Maizena vem de maiz, milho na linguagem dos índios Sioux e termo adotado, igualmente, tanto pelos colonizadores espanhóis quanto por Wright Duryea, o sujeito que, em 1854, iniciou nos Estados Unidos o fabrico do produto cuja embalagem o tempo quase não mudou. Foi assim que li.
A mesma leitura me convence de que o desenho de tendas e índios na caixa sempre amarela (da cor do milho) decorre das primeiras zonas de cultivo das espigas apresentadas aos invasores que então ampliavam os caminhos de Cristóvão Colombo.
Antes que alguém comece a lamber os beiços, saiba que, a princípio, a função do pó branco e fino era servir de goma para tecidos. Tempo depois, é que iria à cozinha para a feitura de mingaus, bolos e biscoitos.
Este mesmo produto chegava em sacos ao Brasil, em 1874, para a venda a granel nas bodegas de então. Em 1930, a Refinações de Milho Brasil (RMB), instalada em São Paulo após acordo com o engenheiro norte-americano L. E. Miner, iniciava o fabrico franqueado do amido de milho, tal como até hoje o conhecemos.
Muitos meninos da minha geração, clientela cativa dos faroestes, passavam um tempão a contemplar a cena pacífica retratada nessa caixa amarela: o cultivo do milho e preparo do pó por mulheres Sioux sob a proteção de um guerreiro da tribo. E, assim, antevíamos o momento do tiroteio no cinema. Surpreende-me o fato de que os das gerações mais novas, acostumados à Internet e aos jogos eletrônicos, não percebam esse desenho.
Visto que, neste ponto da nossa conversa, estamos na área das farinhas e, portanto, na dos pães, bolos e tortas, não custa lembrar que o Pó Royal tem uma existência de 101 anos no Brasil. Aqui chegou em 1923 e aqui passou a ser produzido a partir de 1930.
Mas sua história começou nos Estados Unidos, bem antes disso. Ali, em 1866, os irmãos Cornelius e Joseph Hoagland formaram a sociedade que produziria esse fermento. O negócio seria expandido sete anos depois com o ingresso de dois novos investidores, William Ziegler e John Seal. Estava criada, então, a Royal Baking Powder Company.

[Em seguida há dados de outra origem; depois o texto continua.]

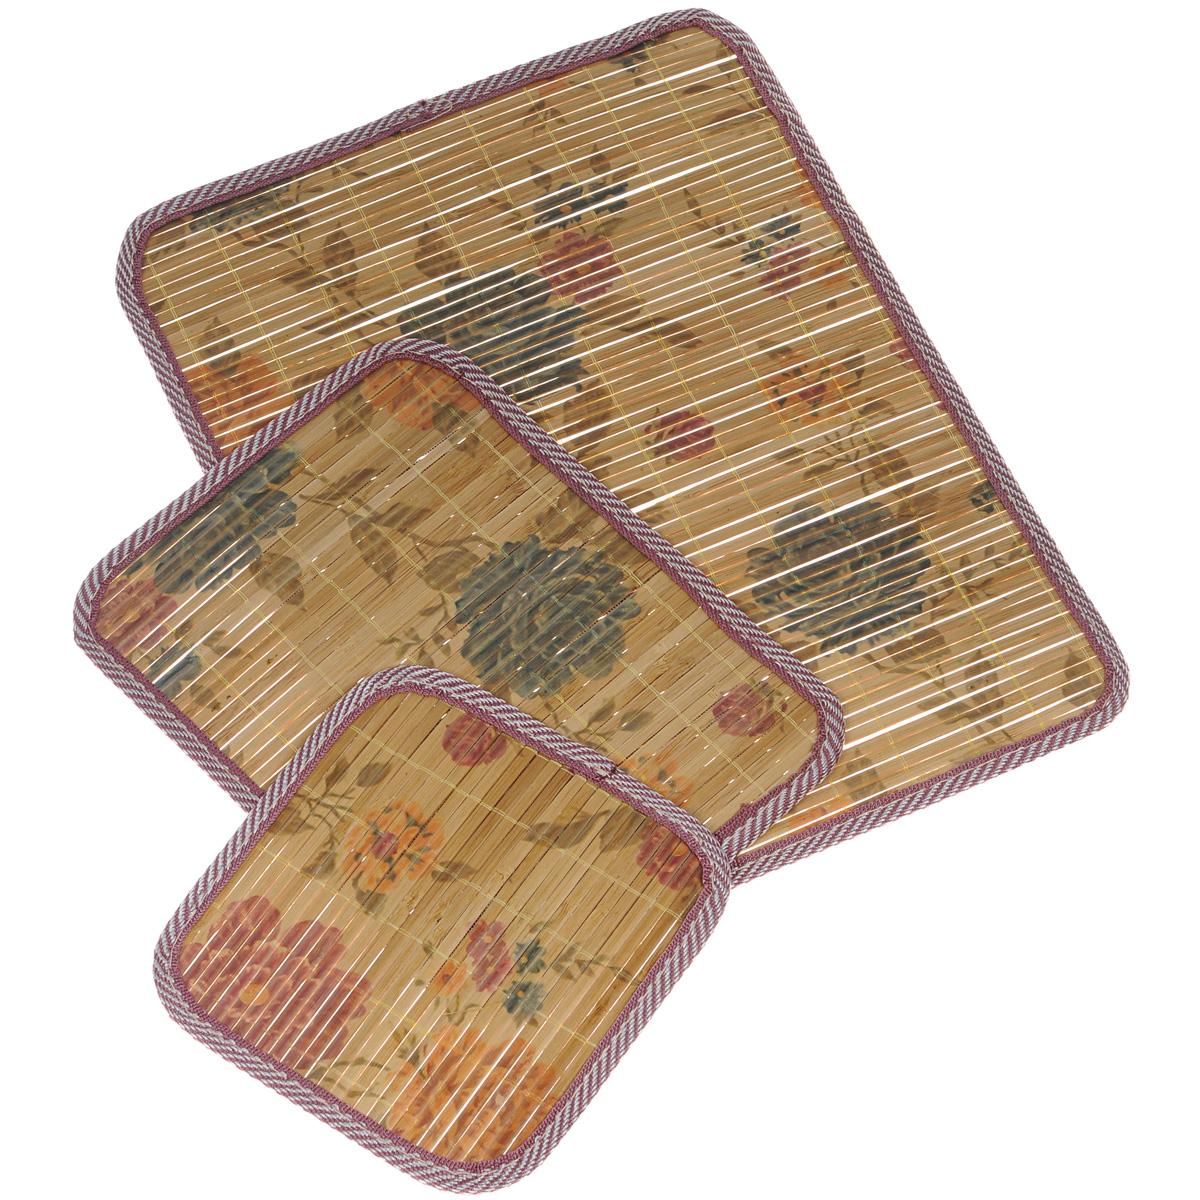 Набор салфеток под горячее Dommix, цвет: коричневый, 3 шт. OW041OW041Набор Dommix, состоящий из 3 бамбуковых салфеток под горячее, идеально впишется в интерьер современной кухни. Изделия декорированы изображением цветов. Салфетки из бамбука не впитывают запахи, легко моются, не деформируются при длительном использовании. Бамбук обладает антибактериальными и водоотталкивающими свойствами. Также имеют высокую прочность. Каждая хозяйка знает, что салфетка под горячее - это незаменимый и очень полезный аксессуар на каждой кухне. Ваш стол будет не только украшен оригинальной салфеткой, но и сбережен от воздействия высоких температур ваших кулинарных шедевров.

Leio que a marca é hoje administrada pela Kraft Foods, a maior empresa de alimentos da terra do Tio Sam e a segunda maior do mundo. Só perde o primeiro posto para a suíça Nestlé. E, finalmente, aqui vai minha receita para um bom de fim de semana: catem algumas panelas, vejam o que há na despensa, juntem mulher, ou marido, filhos e netos (caso os tenham), misturem e levem isso tudo à cozinha pelo tempo mais demorado possível. Muitas vezes, é essa a melhor coisa que temos durante a semana. Provem e digam se isso não é bom.